시작부분부터 일치하는 패턴을 찾는다.
match의 첫번째 인자는 패턴, 두번째 인자는 문자열 소스
match()는 소스와 패턴의 일치여부를 확인하고 일치하면 일치하는 문자열을 반환한다.(match object)
일치하는 문자열이 없으면 None을 반환한다.

import re

source = 'Lux, the Lady of Luminosity'

# 시작부분이 'Lux'인 값을 찾는다.
m = re.match('Lux', source)
result : 'Lux'

# 시작부분이 'Lady'인 값을 찾는다. 이 경우는 없으므로 결과는 None
m = re.match('Lady', source)
result : None

# 시작부분에 아무개의 문자가 있고 'Lady'가 나오는 값을 찾는다.
m = re.match('.*Lady', source)
result = 'Lux, the Lady'

search

패턴과 일치하는 첫번째 문자열을 반환한다.

m = re.search('Lady', source)

if m:
	print(m.group())

result : Lady

findall

패턴과 일치하는 모든 문자열을 리스트 형태로 반환한다.

>>> m = re.findall('y', source)
>>> m
['y', 'y']

>>> m = re.findall('y..', source)
>>> m
['y o']

split

문자열의 split()과 비슷하게 동작하지만 패턴을 사용할 수 있다.

>>> m = re.split('o', source)
>>> m
['Lux, the Lady ', 'f Lumin', 'sity']

sub

문자열의 replace()와 비슷하지만 패턴을 사용할 수 있다.

>>> m = re.sub('o', '!', source)
>>> m
'Lux, the Lady !f Lumin!sity'

정규표현식의 패턴 문자

패턴에 \를 써야한다면 패턴 시작에 꼭 r을 써주어야 한다.

패턴	문자
\d	숫자
\D	비숫자
\w	문자
\W	비문자
\s	공백 문자
\S	비공백 문자
\b	단어 경계 (\w와 \W의 경계)
\B	비단어 경계

import string
printable = string.printable

# 출력 가능한 모든 문자 출력
print(printable)

# 각 정규표현식의 패턴 문자 확인
print('\w', re.findall('\w', printable))
print('\W', re.findall('\W', printable))
print('\d', re.findall('\d', printable))
print('\D', re.findall('\D', printable))
print('\s', re.findall('\s', printable))
print('\S', re.findall(r'\S', printable))
print('\\b', re.findall(r'\b', printable))
print('\B', re.findall(r'\B', printable))

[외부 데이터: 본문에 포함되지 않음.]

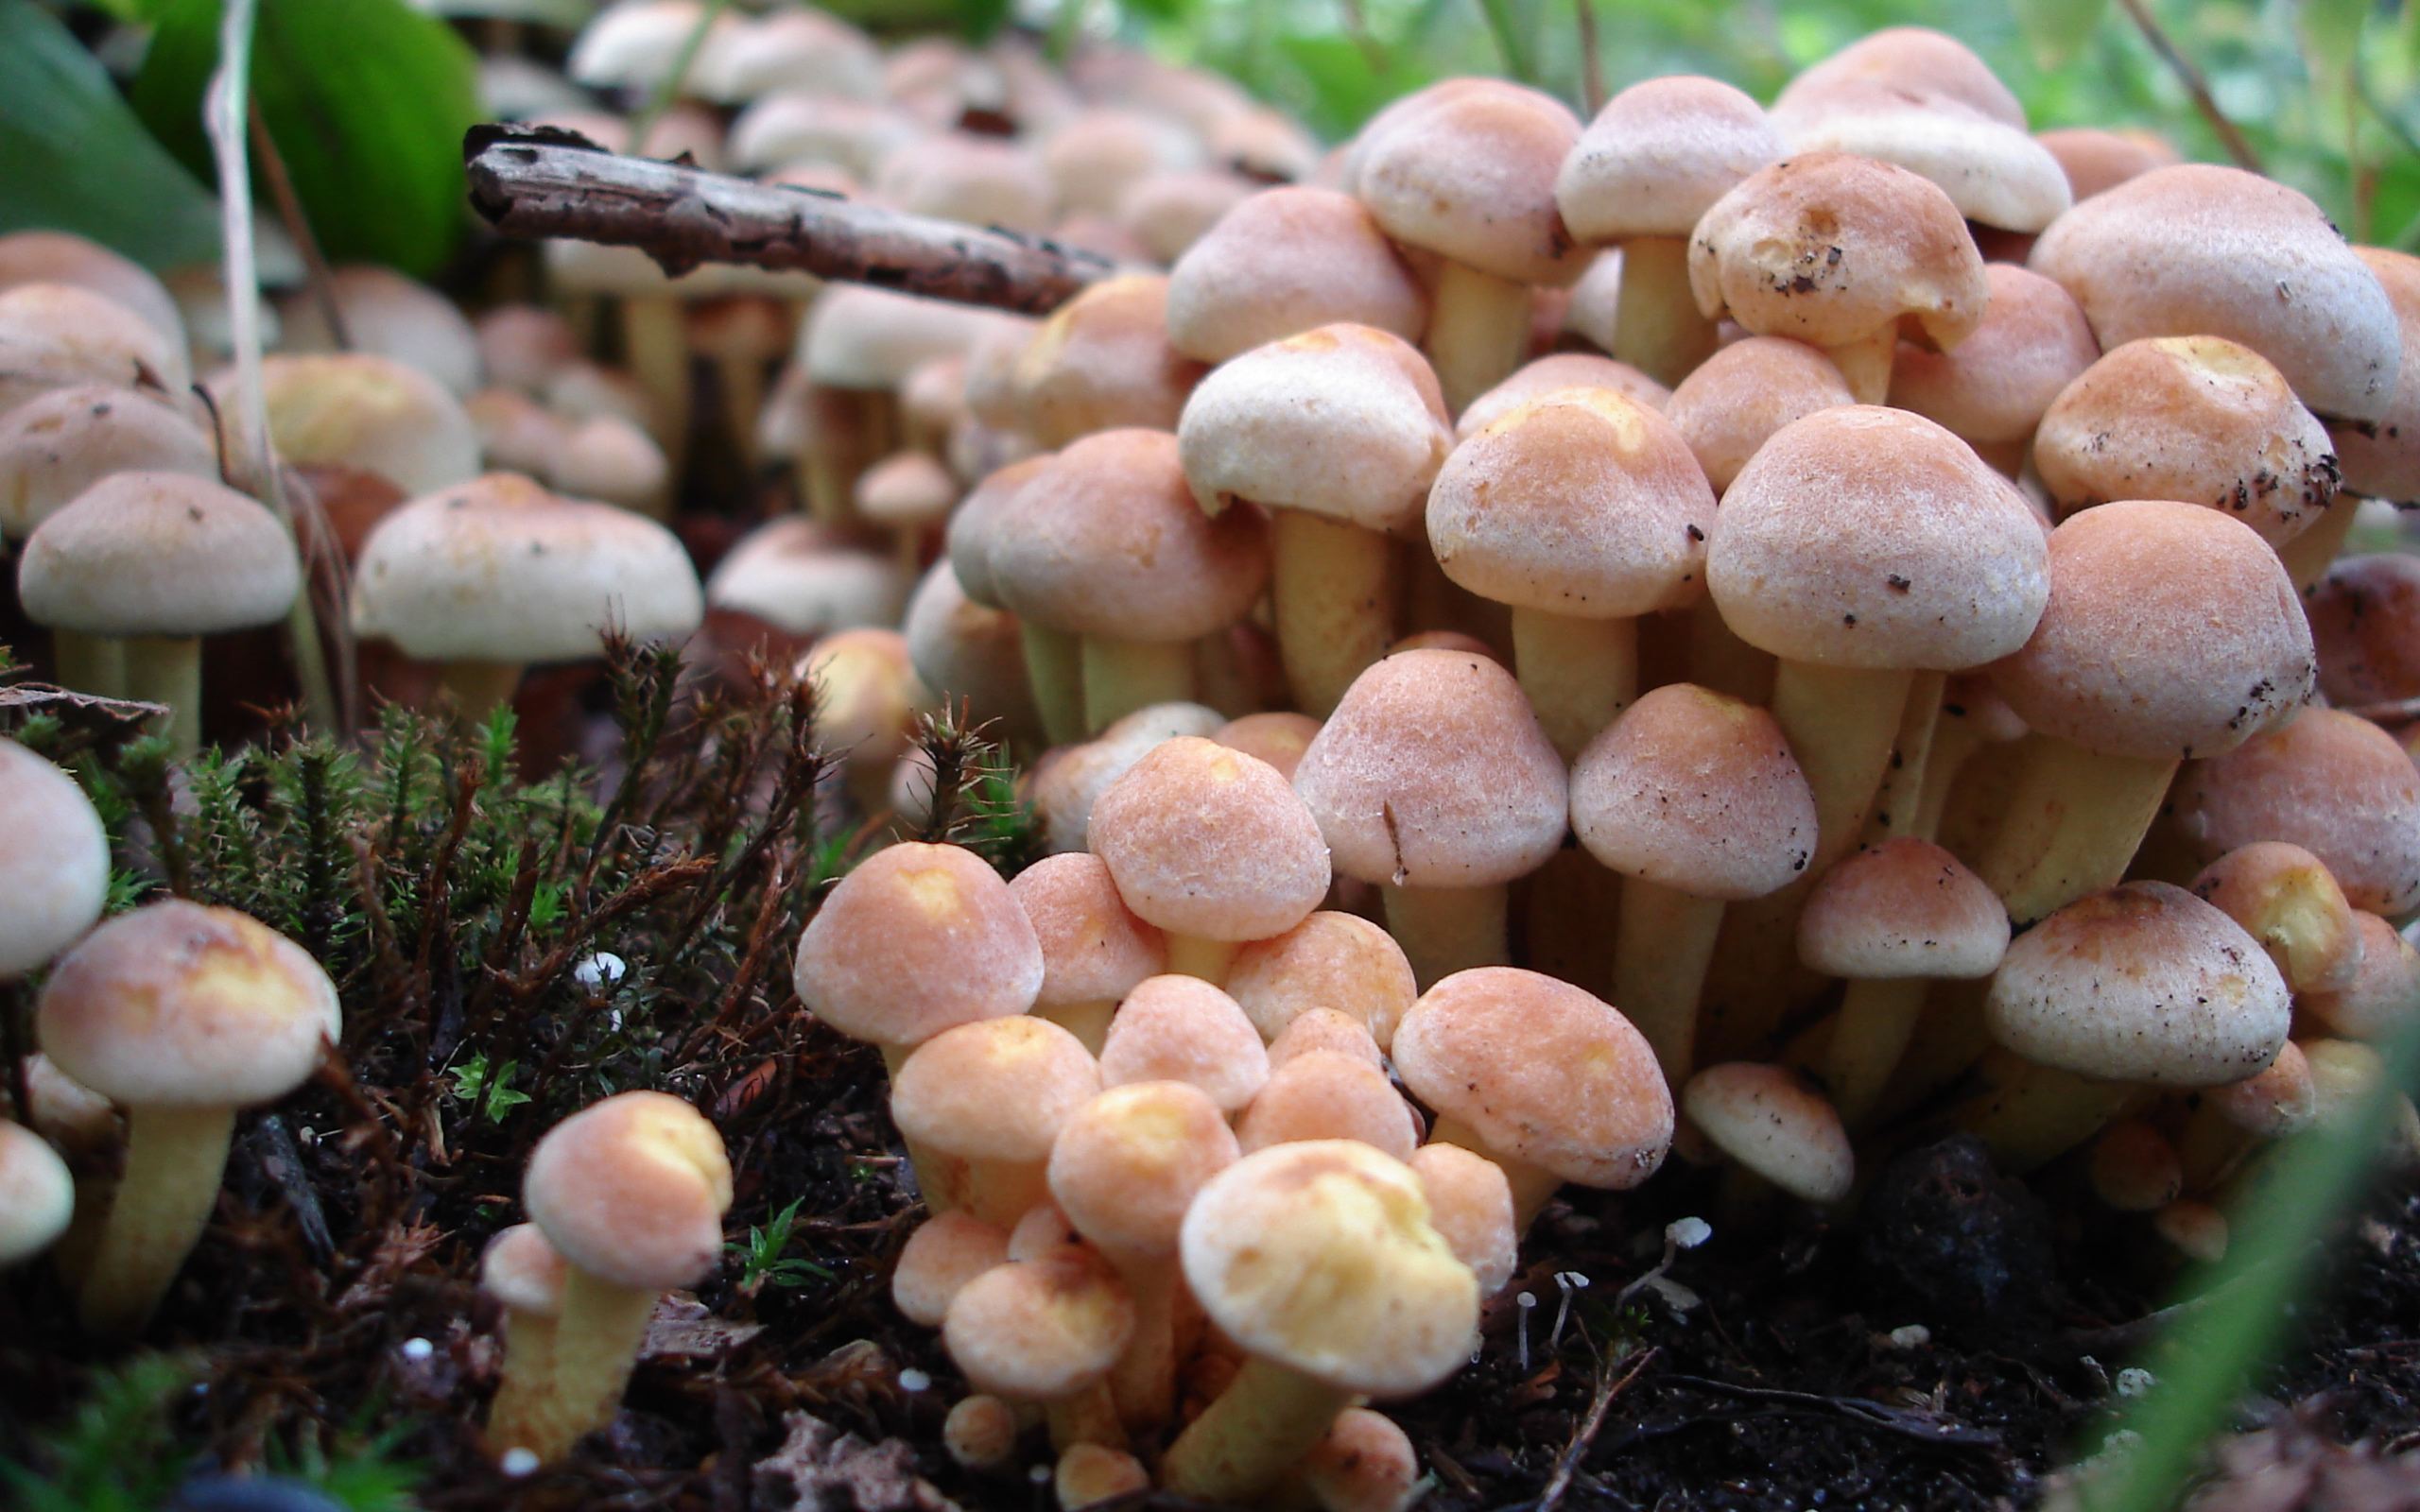 Mushrooms growing in a natural setting, ideal desktop wallpaper.

정규표현식의 패턴 지정자 (Pattern specifier)

expr은 정규표현식

패턴	의미
abc	리터럴 `abc`
(expr)	expr
expr1 \| expr2	expr1 또는 expr2
`.`	`\n`을 제외한 모든 문자
`^`	소스문자열의 시작
`$`	소스문자열의 끝
expr`?`	0 또는 1회의 expr
expr`*`	0회 이상의 최대 expr
expr`*?`	0회 이상의 최소 expr
expr`+`	1회 이상의 최대 expr
expr`+?`	1회 이상의 최소 expr
expr`{m}`	m회의 expr
expr`{m,n}`	m에서 n회의 최대 expr
expr`{m,n}?`	m에서 n회의 최소 expr
[abc]	a or b or c
[^abc]	not (a or b or c)
expr1(?=expr2)	뒤에 expr2가 오면 expr1에 해당하는 부분
expr1(?=expr2)	뒤에 expr2까 오지 않으면 expr1에 해당하는 부분
(?<=expr1)expr2	앞에 expr1이 오면 expr2에 해당하는 부분
(?<!expr1)expr2	앞에 expr1이 오지 않으면 expr2에 해당하는 부분

매칭 결과 그룹화

정규표현식 패턴 중, 괄호로 둘러쌓인 부분이 있을 경우, 결과는 해당 활호만의 그룹으로 지정된다.
groups() : 지정된 그룹의 리스트 반환
group() : 정규표현식이 가르키는 문자열
group(0) : 정규표현식이 가르키는 문자열
group(1) : 첫번째 매치된 그룹 요소
group(2) : 두번째 매치된 그룹 요소

s = re.search(r'\w+\w( was )', story)

# 지정된 그룹의 리스트 반환
print(s.groups())
--> (' was ',)

# 정규식이 가리키는 문자열 반환
print(s.group())
print(s.group(0))
--> Luxanna was

# 첫번째 괄호로 묶은 부분의 문자열
s.group(1)
--> was

그룹에 이름을 붙여서 사용 가능

(?P<그룹이름>정규표현식) 형태로 사용한다.

m = re.search(r'(?P<before>\w+)\s+(?P<was>was)\s+(?P<after>\w+)', story)

# 그룹으로 지정된 요소 모두를 반환
print(m.groups())
--> ('Luxanna', 'was', 'destined')

# 그룹이름 before의 매치데이터를 반환
print(m.group('before'))
--> Luxanna

# 그룹이름 was의 매치데이터를 반환
print(m.group('was'))
--> was

# 그룹이름 after의 매치데이터를 반환
print(m.group('after'))
--> destined

최대일치와 최소일치

* 나 + 에 최소 일치인 ? 를 붙여주면 정규식 다음부분에 해당하는 문자열이 처음 나올때 까지의 값을 반환한다.
? 가 없으면 정규식 다음부분에 해당하는 문자열이 마지막으로 나오는 부분까지를 반환한다.

Story

Born to the prestigious Crownguards, the paragon family of Demacian service, Luxanna was destined for greatness. She grew up as the family’s only daughter, and she immediately took to the advanced education and lavish parties required of families as high profile as the Crownguards. As Lux matured, it became clear that she was extraordinarily gifted. She could play tricks that made people believe they had seen things that did not actually exist. She could also hide in plain sight. Somehow, she was able to reverse engineer arcane magical spells after seeing them cast only once. She was hailed as a prodigy, drawing the affections of the Demacian government, military, and citizens alike.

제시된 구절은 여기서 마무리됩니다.